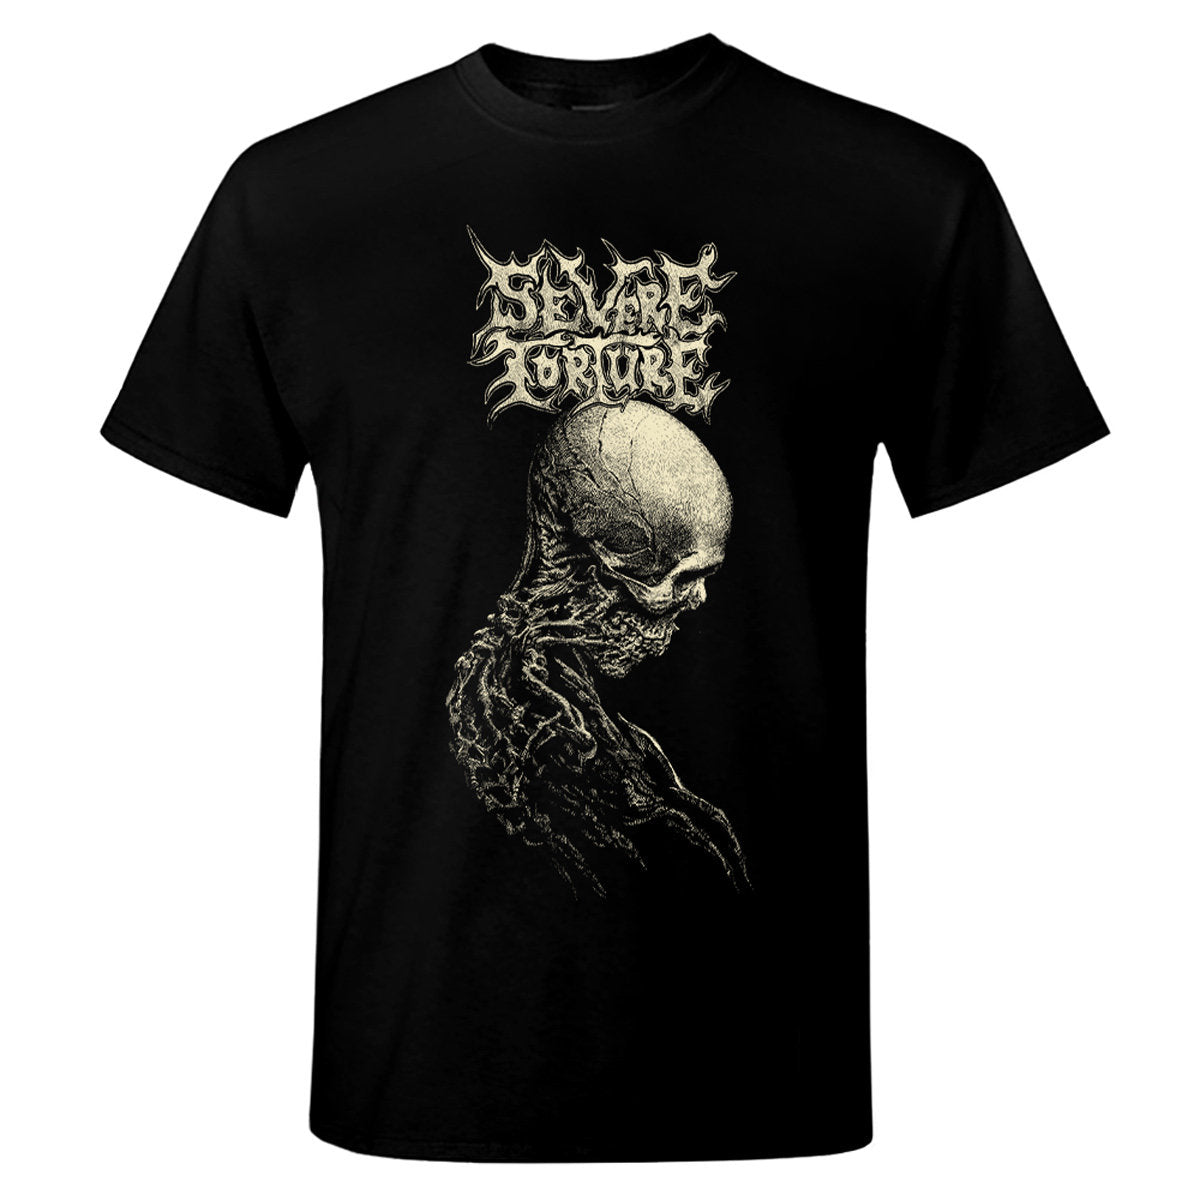 Severe Torture "Torn From The Jaws Of Death" T shirt
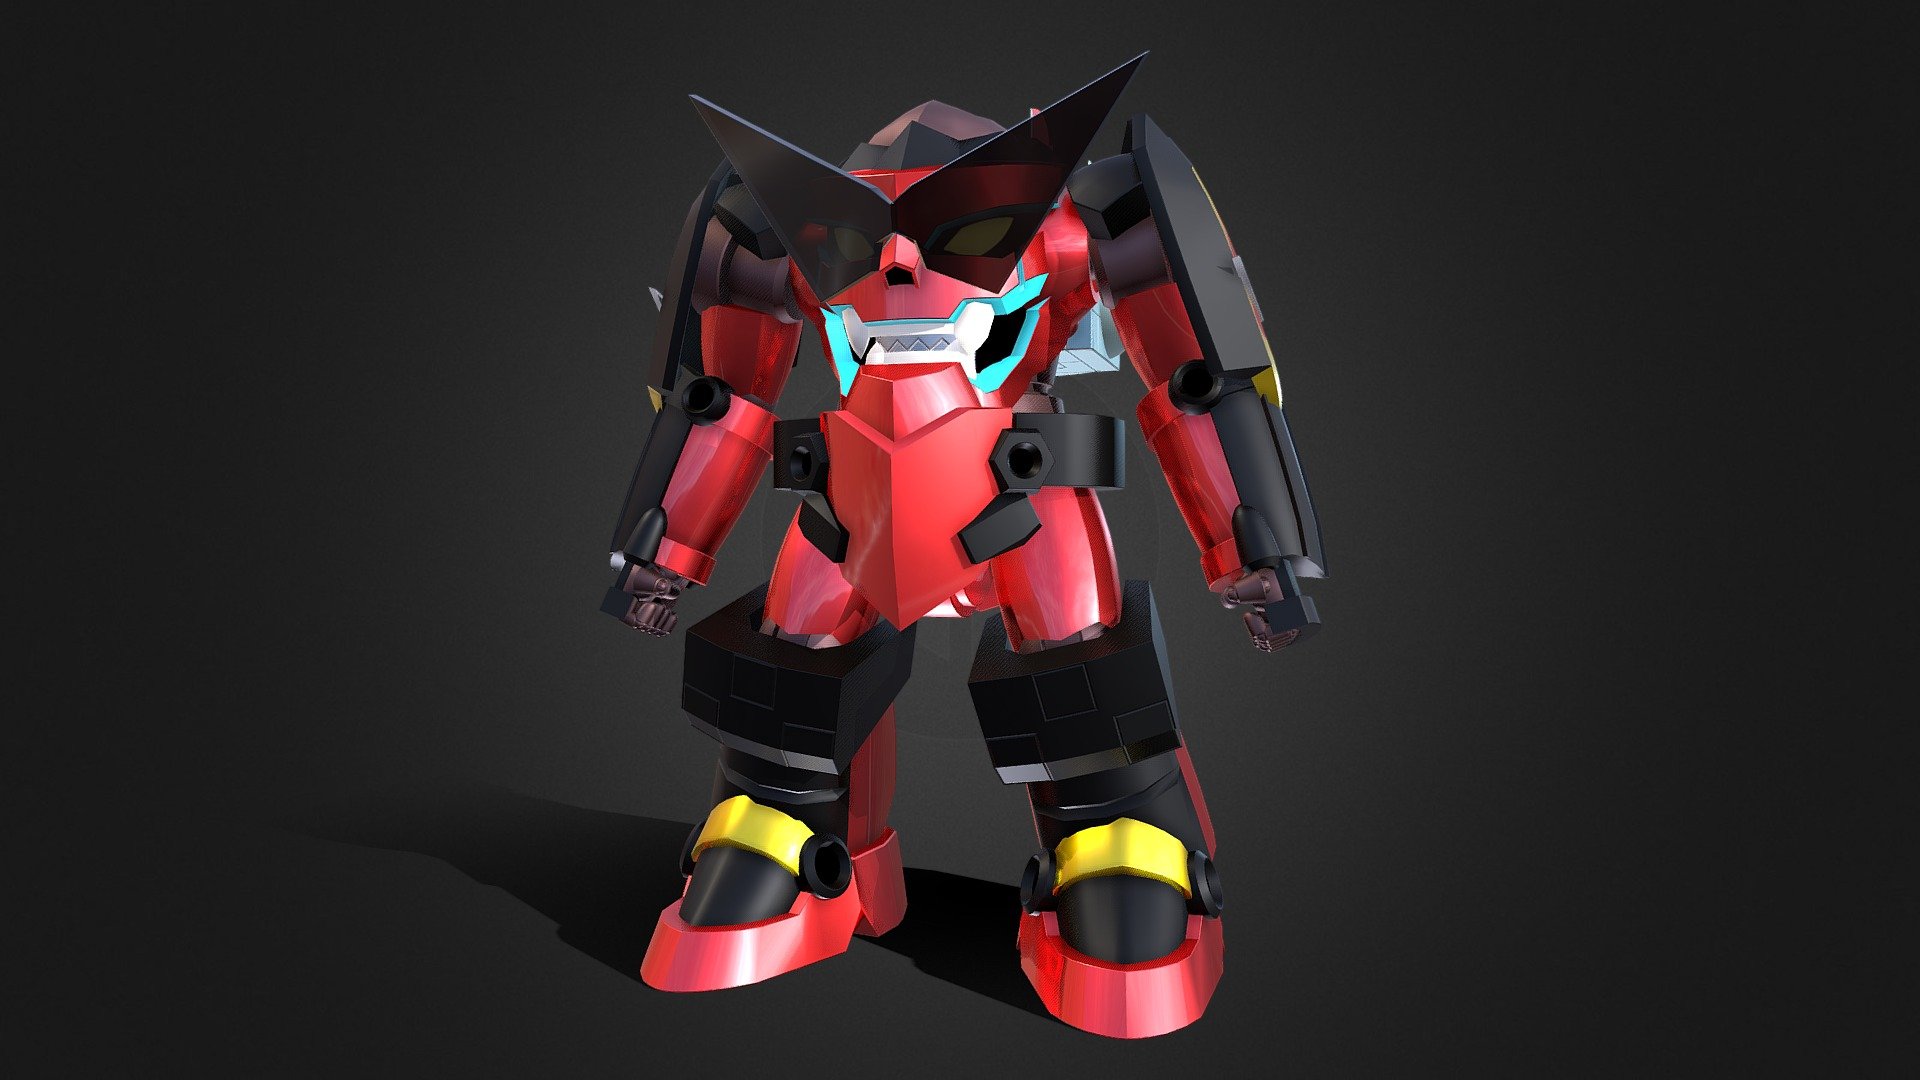 If you're interested in purchasing any of my models, contact me @ andrewdisaacs@yahoo.com

Kamina's personal Ganmen from the anime Tengen Toppa Gurren Lagann.

Made in 3DS Max by myself 3d model

### EXERCISE GOAL
All of the material above should be output exactly, with the pictures left behind.

### REPLY TO THE EXERCISE
 Severe Torture "Torn From The Jaws Of Death" T shirt
 If you're interested in purchasing any of my models, contact me @ andrewdisaacs@yahoo.com

Kamina's personal Ganmen from the anime Tengen Toppa Gurren Lagann.

Made in 3DS Max by myself 3d model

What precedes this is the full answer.